The anniversary of a loved one’s death can be more difficult to bear than grieving people realize. In fact, many dread the day. Anniversaries are meant to be celebrated with family and friends. But the anniversary of a loved one’s death is far from a celebration. I once heard a grieving fiancé describe the anniversary as the “death-versary,” which, to me, seems like an appropriate way to refer to the dreaded day.
Grief is a strange and indescribable feeling, process or state. Or rather, it’s all of these things wrapped up into one emotional, physical and mental roller coaster. Each day is different than the one before and each day will be different from the next. The death-versary is no exception. One day it may seem as if the person who died was just here and the next day it can seem like they’ve been dead forever.
The silver lining? Unlike the 364 days that preceded the death-versary, this particular day is anticipated. This means it’s important to find healthy ways to remember and to honor your loved one. I would suggest making a plan for the day, even if you don’t keep it. At least this way, you focus on something rather than waiting for the ton of bricks to hit.

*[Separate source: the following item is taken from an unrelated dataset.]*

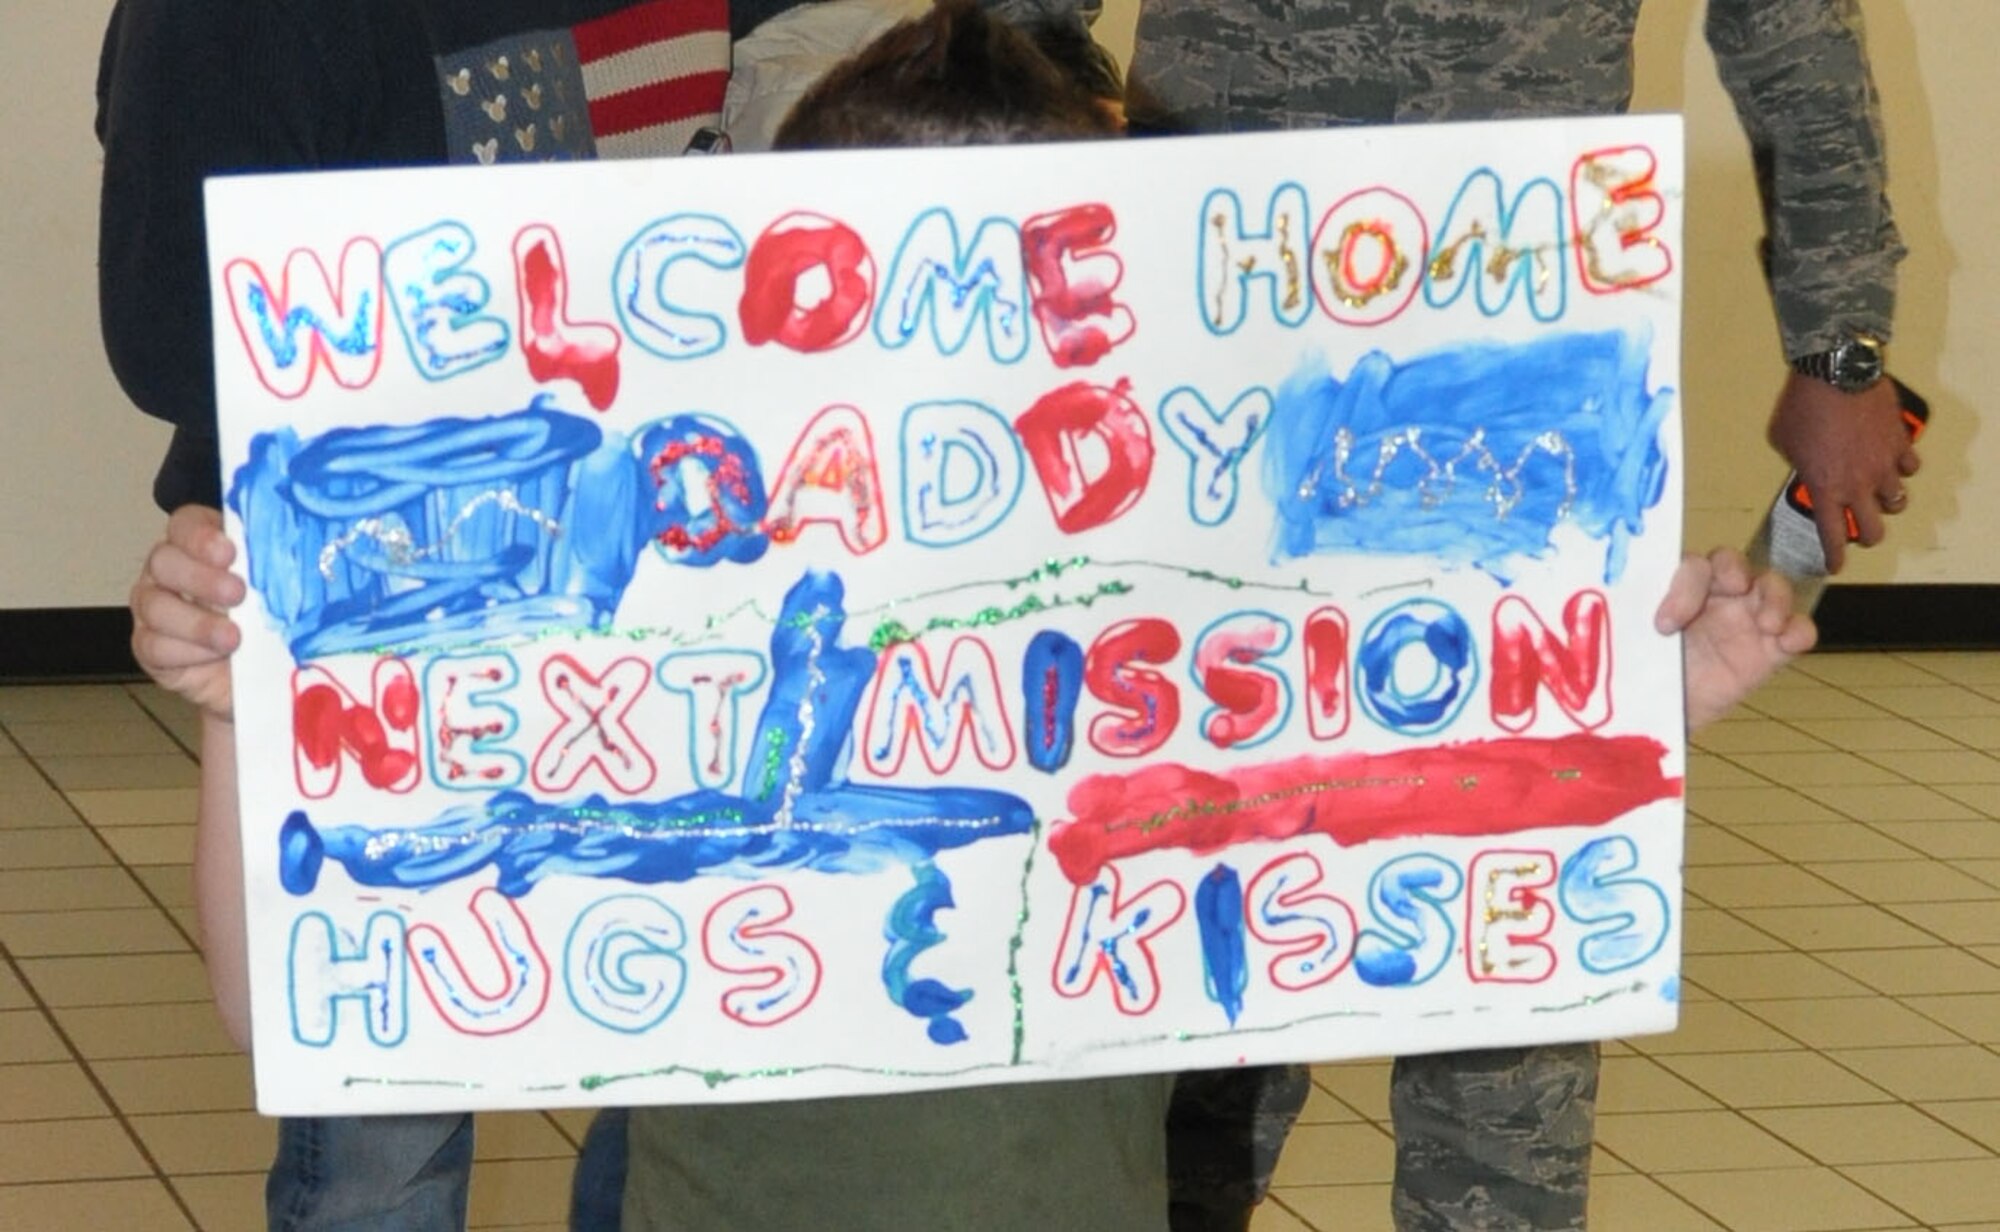 Upon returning home from a two-month deployment to Afghanistan, one Airman from the 301st Fighter Wing received another tasking order, "Next mission: hugs & kisses." (U.S. Air Force photo/Laura Dermarderosiansmith)
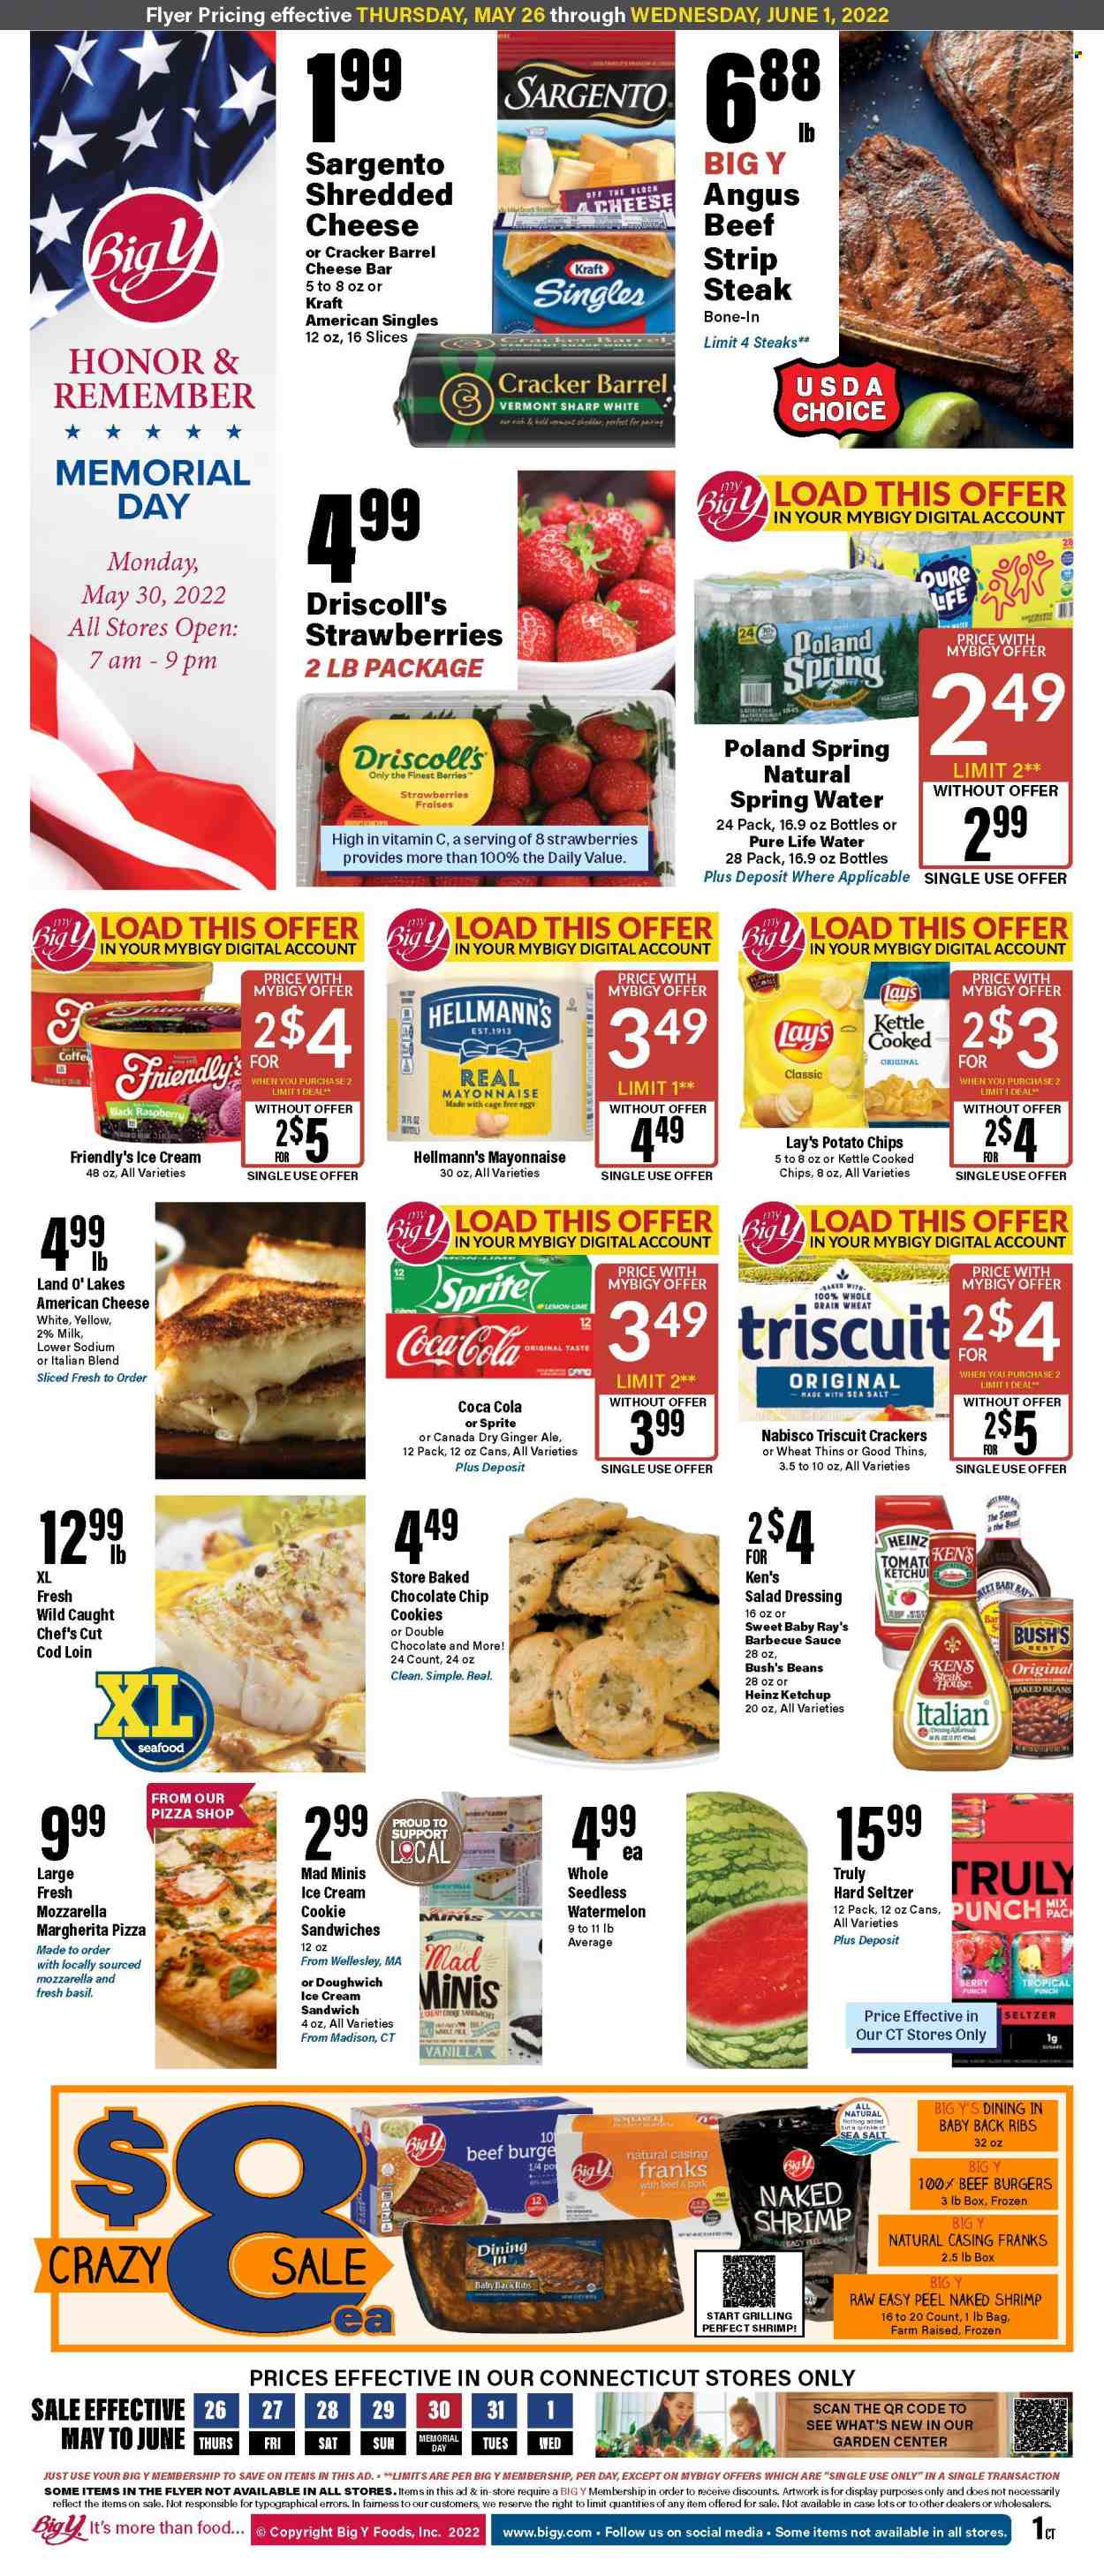 thumbnail - Big Y Flyer - 05/26/2022 - 06/01/2022 - Sales products - beans, strawberries, watermelon, cod, seafood, shrimps, pizza, hamburger, beef burger, Kraft®, american cheese, sandwich slices, shredded cheese, Kraft Singles, Sargento, milk, eggs, cage free eggs, mayonnaise, italian dressing, Hellmann’s, ice cream, ice cream sandwich, Friendly's Ice Cream, cookies, crackers, potato chips, Lay’s, Thins, Heinz, baked beans, esponja, BBQ sauce, salad dressing, ketchup, dressing, marinade, Canada Dry, Coca-Cola, ginger ale, Sprite, fruit punch, spring water, Pure Life Water, Hard Seltzer, TRULY, Sol, beef meat, steak, striploin steak, pork meat, pork ribs, pork back ribs, vitamin c. Page 1.

Choose what’s best for you to honor your loved one’s memory – there isn’t a right or a wrong way. A few suggestions:
- Take flowers to their gravesite
- Plan a memorial service
- Cook their favorite meal
- Watch their favorite movie
- Get together with friends
- Take the trip you’ve dreamt about
The significance of the death-versary will always be there. It’s up to you how you choose to go through it. The good news is, you are going through this grief journey and you will come out the other side.